▶ **Work required**
In the data below, reproduce everything exactly except the images.

▶ **Given data**
++++++

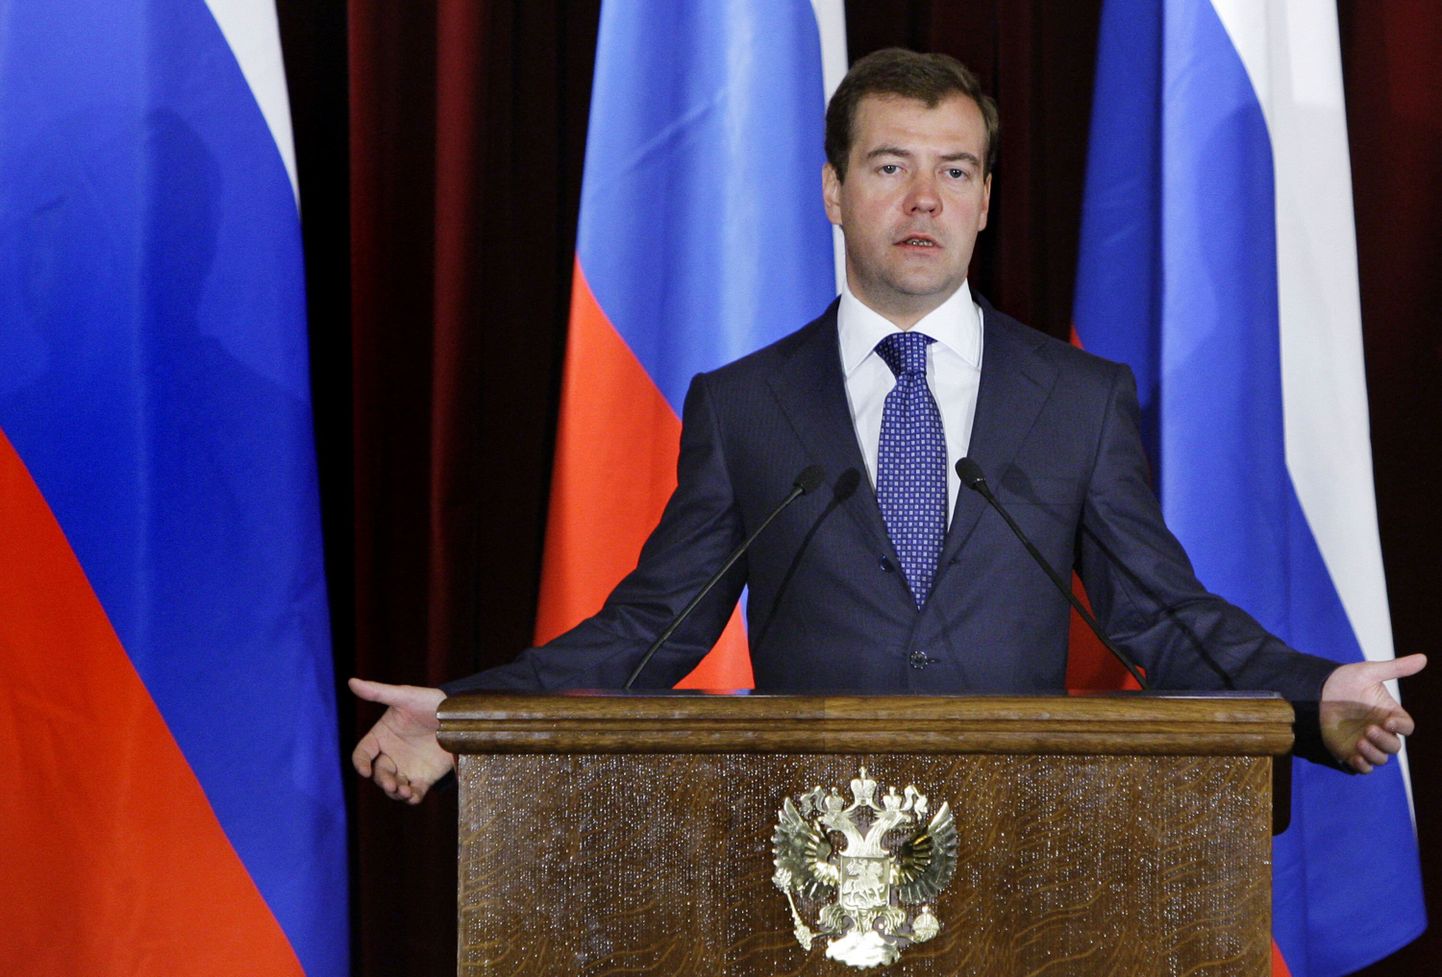 Venemaa president Dmitri Medvedev soovitas diplomaatidel hoiduda otsestest konfrontatsioonidest, kuid arvustas ise taas teravalt lääneriike.
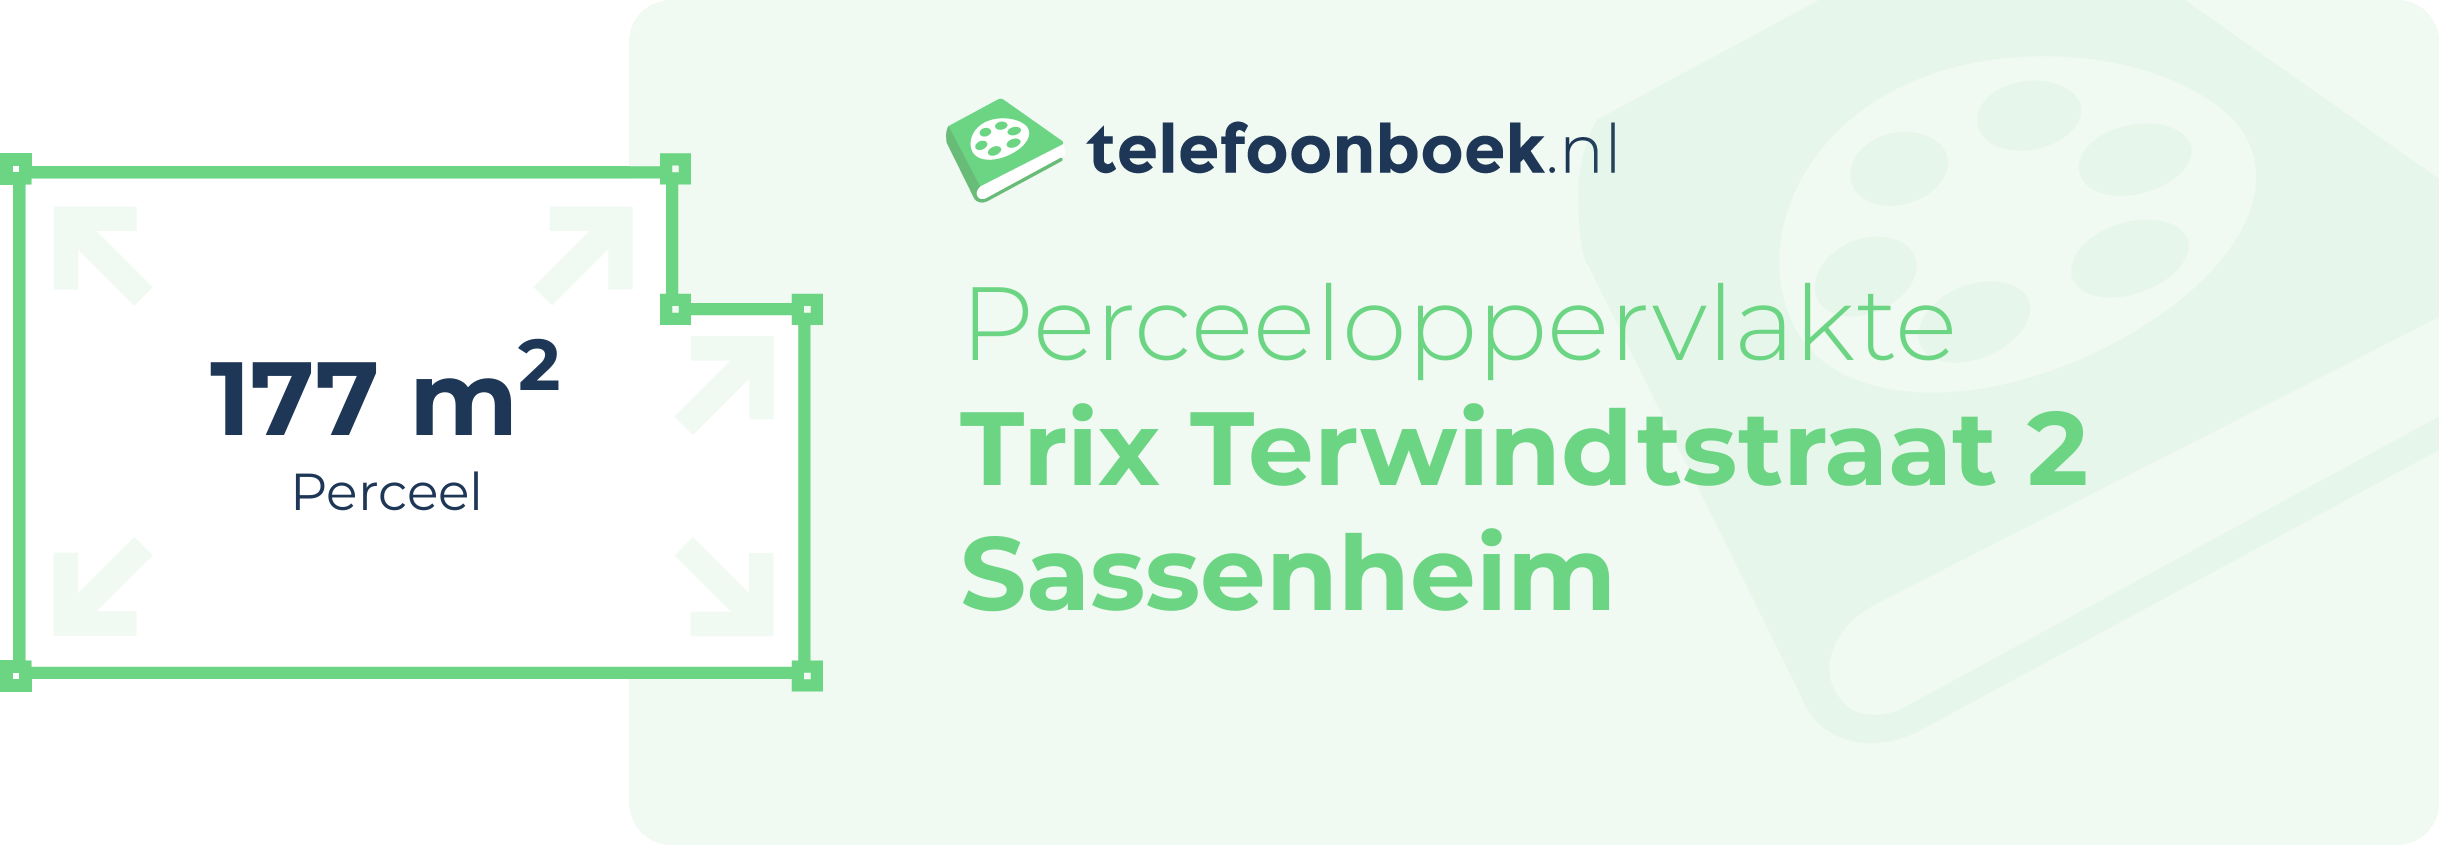 Perceeloppervlakte Trix Terwindtstraat 2 Sassenheim
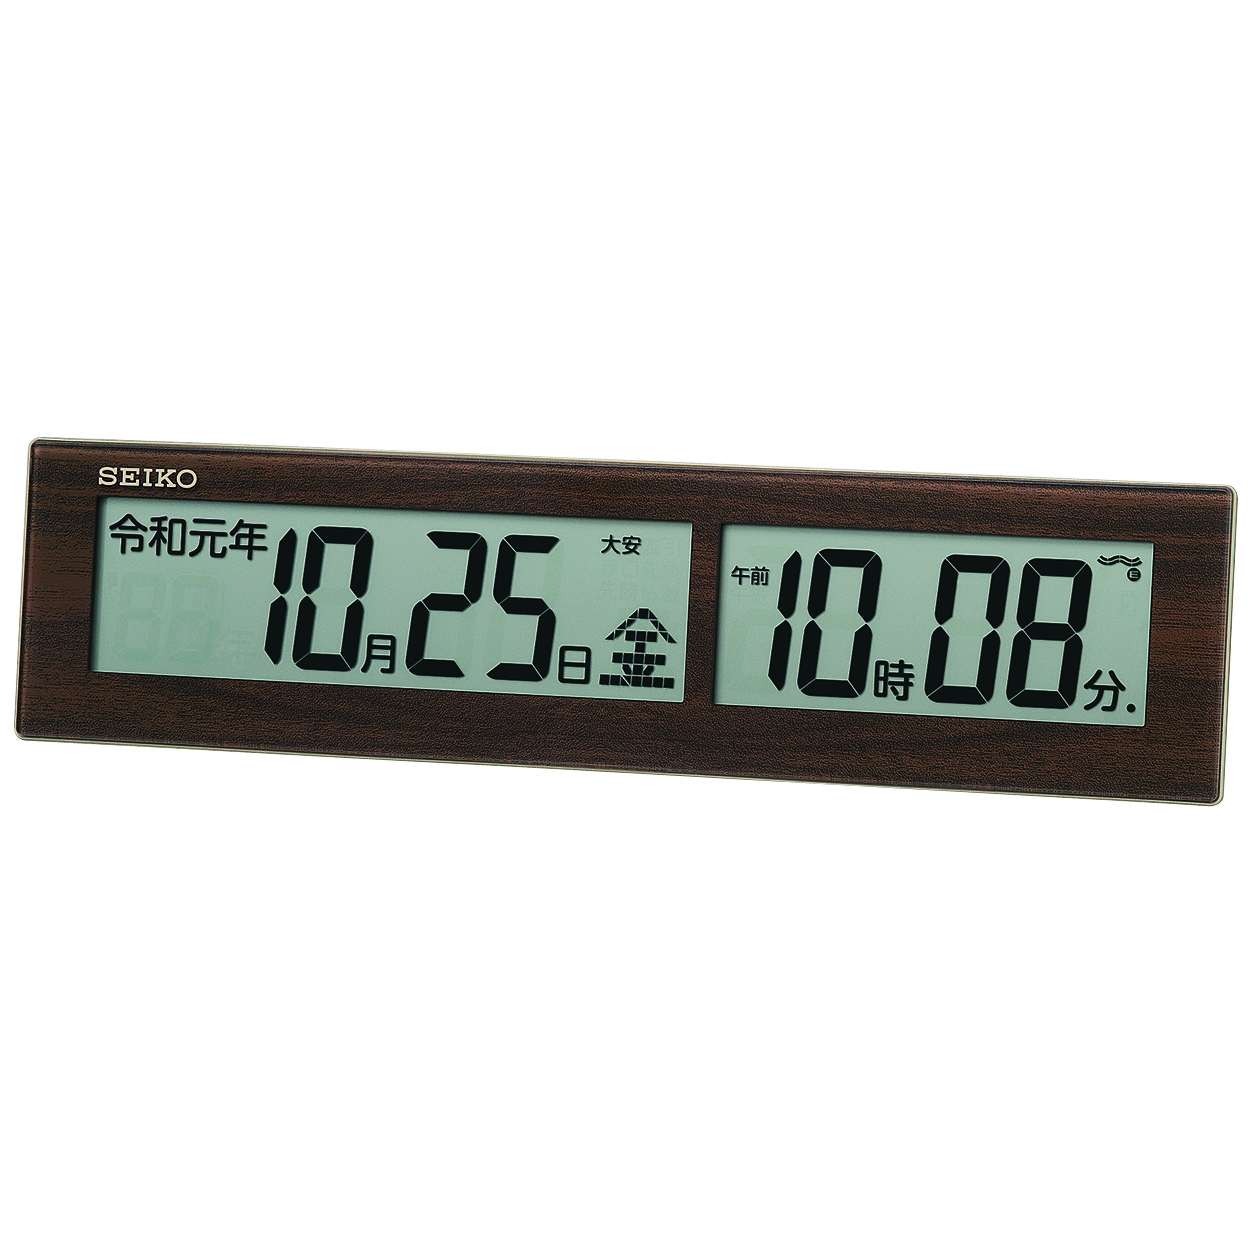 新元号「令和」を表示するデジタル時計2機種を発売｜セイコークロック株式会社のプレスリリース

++++++

▶ **Final answer**
 Venemaa president Dmitri Medvedev soovitas diplomaatidel hoiduda otsestest konfrontatsioonidest, kuid arvustas ise taas teravalt lääneriike.
 Perceeloppervlakte Trix Terwindtstraat 2 Sassenheim
 新元号「令和」を表示するデジタル時計2機種を発売｜セイコークロック株式会社のプレスリリース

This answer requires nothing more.